Hacker News new | past | comments | ask | show | jobs | submit login
SONiC – An Open Source Network Operating System (azure.github.io)
116 points by jamieweb 43 days ago | hide | past | favorite | 43 comments



FWIW, I had an absolutely terrible time setting up sonic on an edgecore switch which was "supported".

Everything was a battle. The configuration is very finicky and not well documented, and every time I went to edgecore or sonic for support, they would blame the other party.

We did eventually get everything working, but it took hours of tinkering on the configuration. There's all sorts of undocumented magic about how ports, interfaces, lanes, etc all have to line up with each other.

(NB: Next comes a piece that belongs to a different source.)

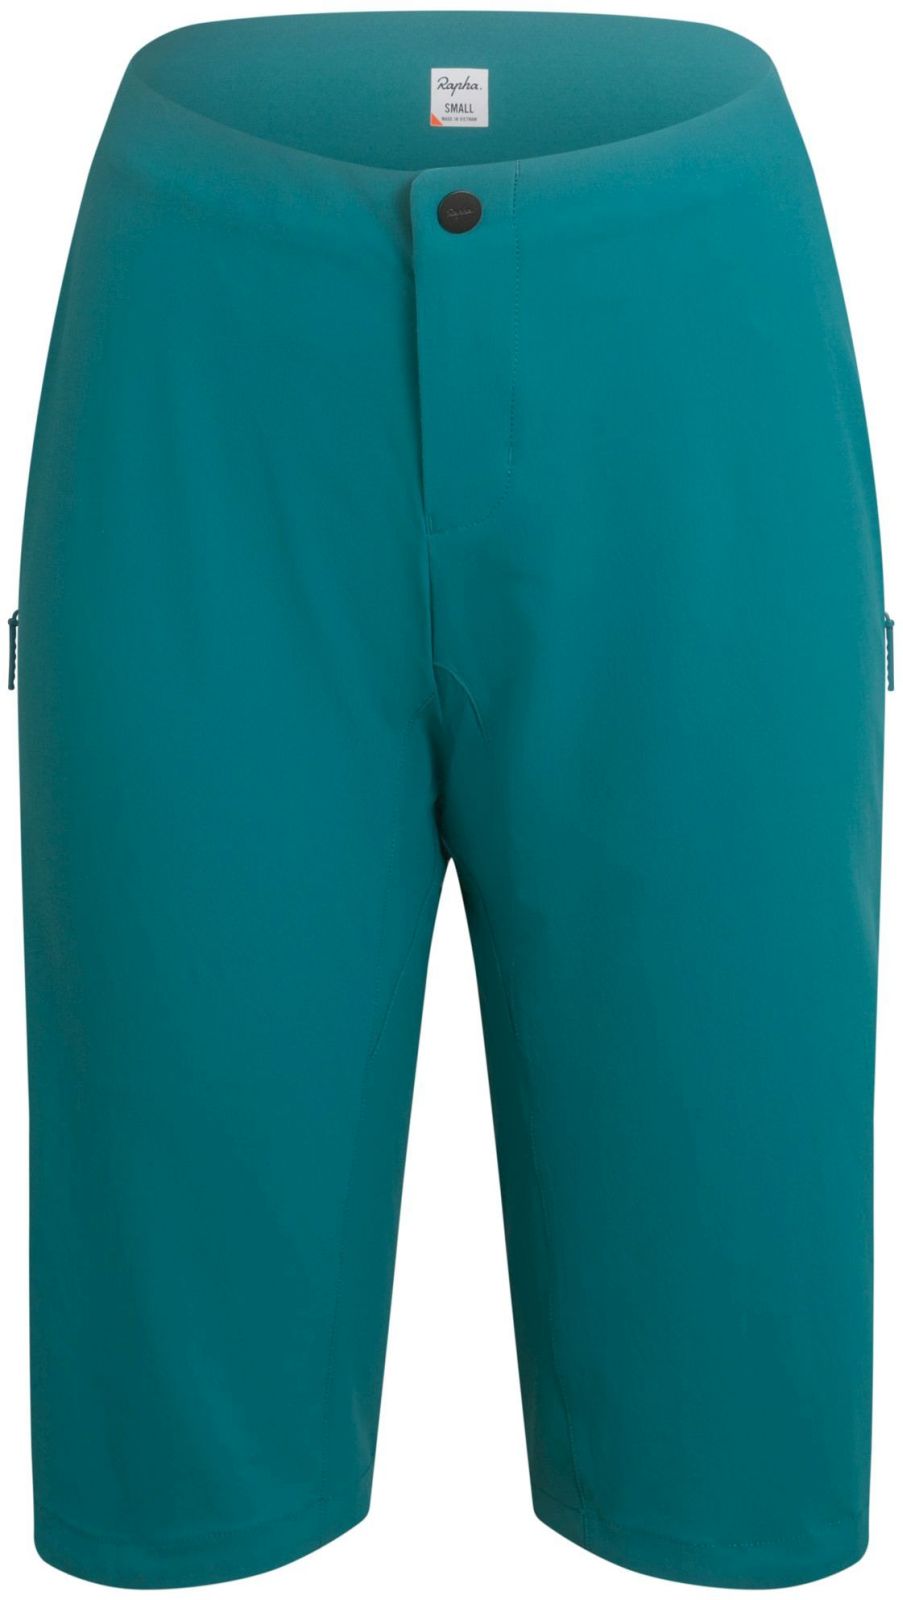 E-shop Rapha Women's Trail Shorts - blue green/egg shell S

If it doesn't like how you've configured BGP, it will silently fail and refuse to link. And God help you if you have breakout cables. And for some reason, all the services are run in docker containers, which makes it even more painful to debug. Reapplying configurations is slow and buggy in itself, so you have to reboot the switch constantly.

Ultimately I find sonic hard to recommend. Yes it's free, but I'm really not sure that's a benefit. Any home enthusiast will buy a consumer grade switch with an OS preinstalled, or use OpenWRT. Any business using this for production would be wise to go with a stable product with good support, like Cumulus. As much as I hate how Cisco does business, at least their products will mostly work how you need out of the box.

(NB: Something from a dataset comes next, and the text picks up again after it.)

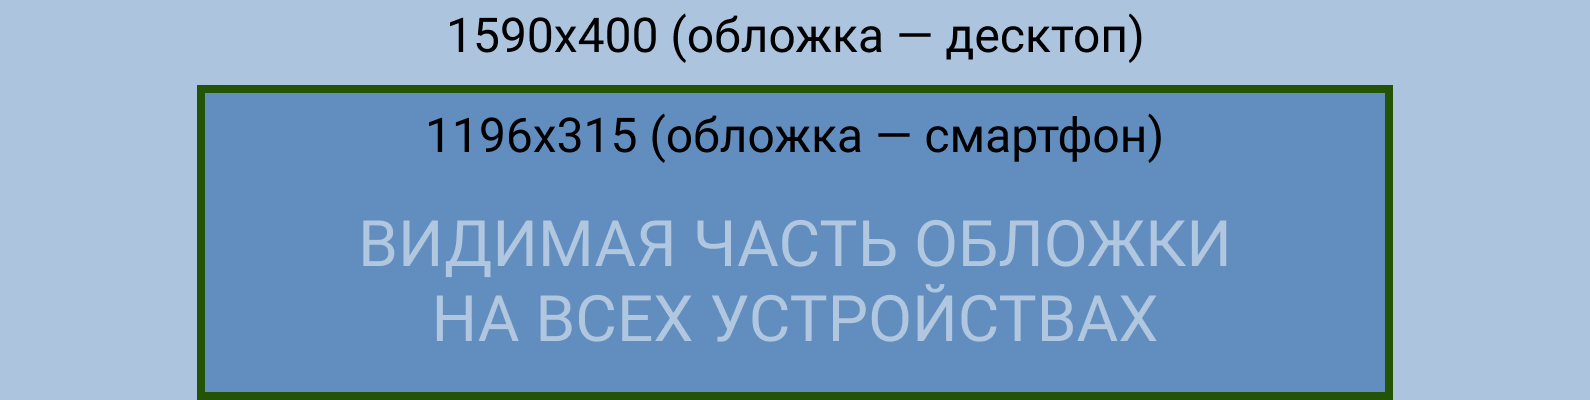 Размер обложки Вконтакте, шаблон online-media

So my problem with SONiC, Cumulus, and all these other "network operating system" Linux platforms is that they all seem to be designed to be fiefdoms and tend to be really stale. In my view, they bring almost nothing of value to the table.

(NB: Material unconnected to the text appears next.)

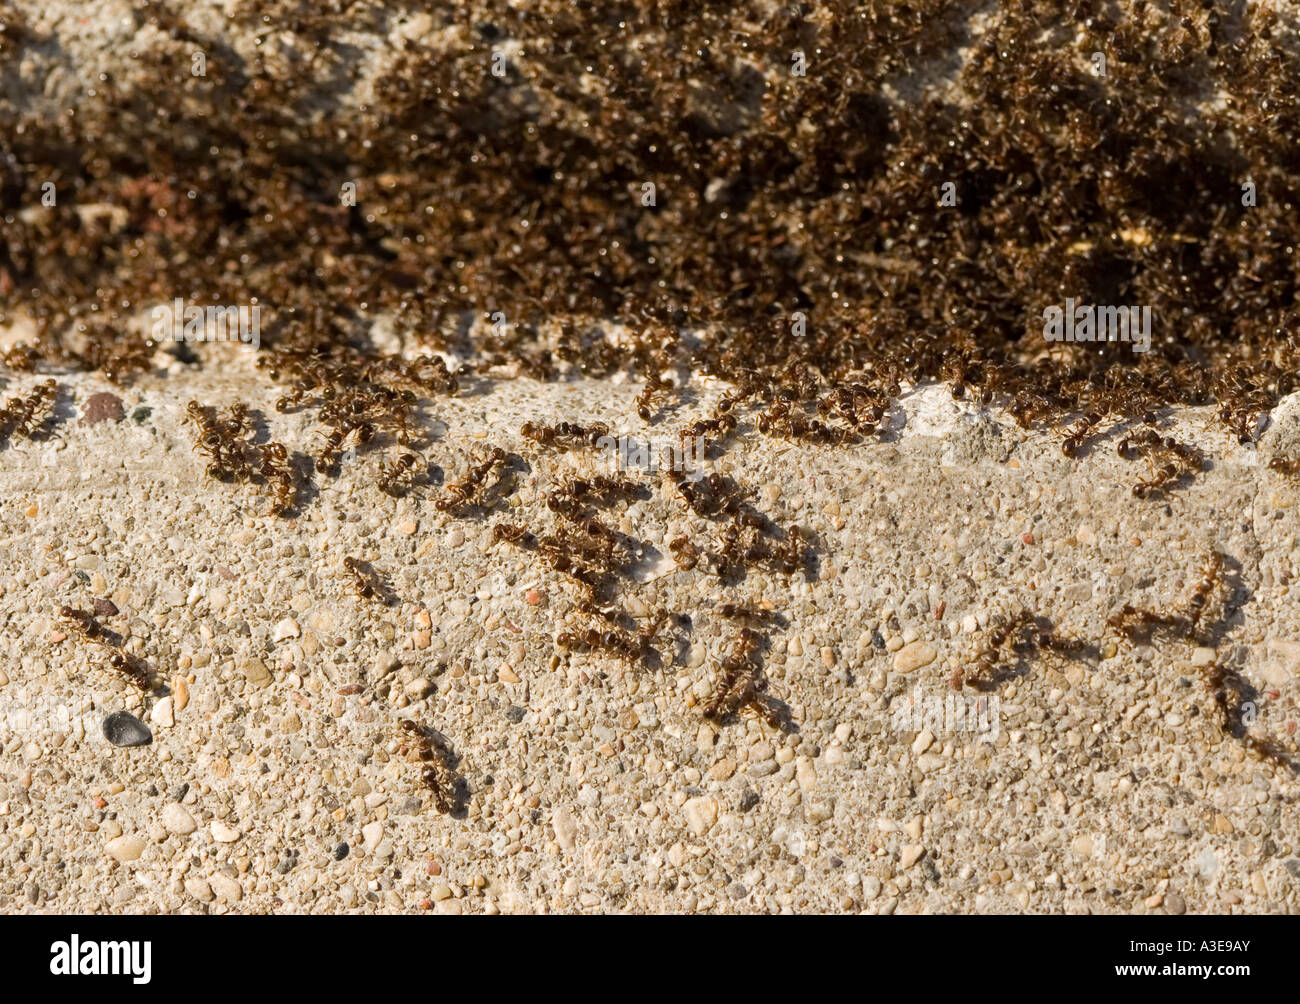 Ants on the sidewalk. Hymenoptera Formicidae Stock Photo

Let's talk a bit more about SONiC...

For one, SONiC literally lists that pull requests that aren't already planned and approved will not be accepted[1]. This defeats a good chunk of the value of having a community project. People will want to contribute and extend your platform in ways you never thought of, and they'll do it in a completely decentralized fashion.

Another issue I see is that SONiC literally holds back everything to an old Linux kernel and ships random BSP blobs that are unvetted. This is a nasty combination for anyone who wants to consider their NOS trusted or secure. They're on a 4.9.x kernel, and while that is still maintained, it is far from the best option if you want to take advantage of innovation in Linux networking.

I'm also generally confused on why this whole project isn't just "let's get the networking tools and hardware support stuff into standard Linux distributions and leverage their tooling and communities". This was also a problem I had with Cumulus. When I tore apart Cumulus, I figured out that it was less than a dozen unique tools and a distribution rebuilt for 32-bit MIPS and PowerPC. It was pretty trivial to rebase to standard Fedora or Debian and get a better platform out of it.

And finally, I don't really think this provides any real innovation. It's not really different from Cumulus, Open Network Linux, and others. And ONL actually is using more up to date kernels (5.4.x as of right now!) and offers better networking tools!

What I would love to see is all these people who keep doing this crap working in the actual Linux distribution communities to build and integrate with upstream projects so that everyone downstream gets all kinds of flexibility.

Imagine if you had a flavor of Fedora CoreOS for your network gear! The immutable OS, updated with RPM-OSTree, fresh software stack, and broad hardware support, all in one neat package.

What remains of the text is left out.